The recipe calls for Arctic char, but almost any fish would work

Mix the salad ingredients together

Arctic char with couscous and citrus salad
Ingredients:
1 cup (250 ml) couscous
4 clementines or 2 small oranges, peeled and sliced into rounds
2 tablespoons (30 ml) sherry vinegar or white wine vinegar
¼ cup (60 ml) olive oil
kosher salt and black pepper
1 head endive, leaves separated
¼ cup (60 ml) chopped roasted almonds
2 tablespoons (30 ml) chopped fresh chives
4 6-ounce (170 g) pieces boneless, skinless arctic char or salmon
Preparation:
Cook the couscous according to the package directions.

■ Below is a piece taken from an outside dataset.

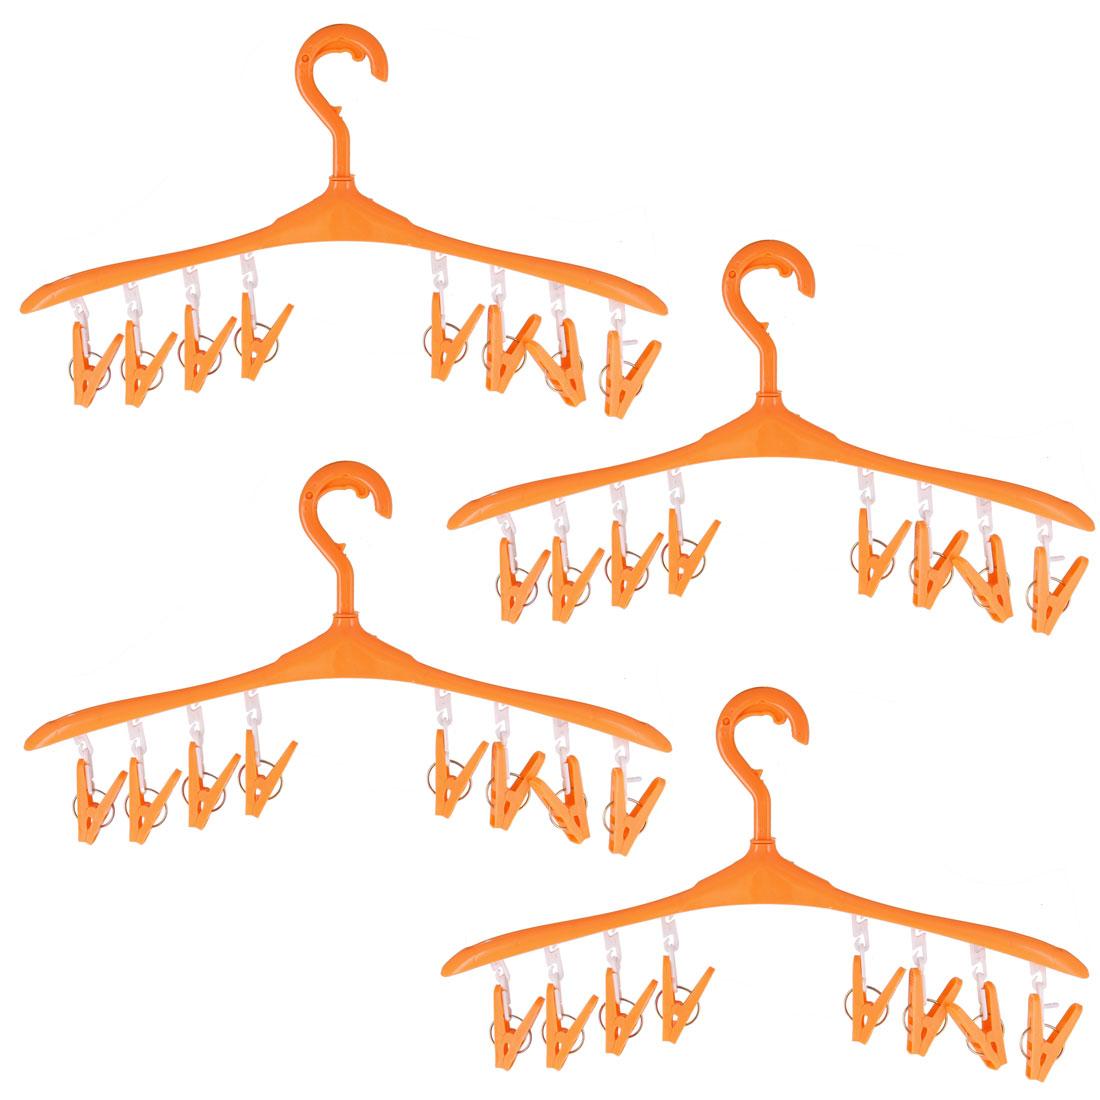 Plastic 8 Clips Nonslip Drying Rack Clothes Socks Pants Hanger Orange 4pcs

Combine the clementines, vinegar, 3 tablespoons (45 ml) of the oil, and ¼ (1 ml) teaspoon each salt and pepper in a medium bowl. Add the endive, almonds, and chives and toss to combine.
Heat the remaining tablespoon of oil in a large nonstick skillet over medium-high heat.
Season the fish with ½ teaspoon (2 ml) salt and ¼ teaspoon (1 ml) pepper. Cook until opaque throughout, 3 to 4 minutes per side.
Serve the couscous topped with the citrus salad and fish, drizzled with any remaining dressing. Serves 4.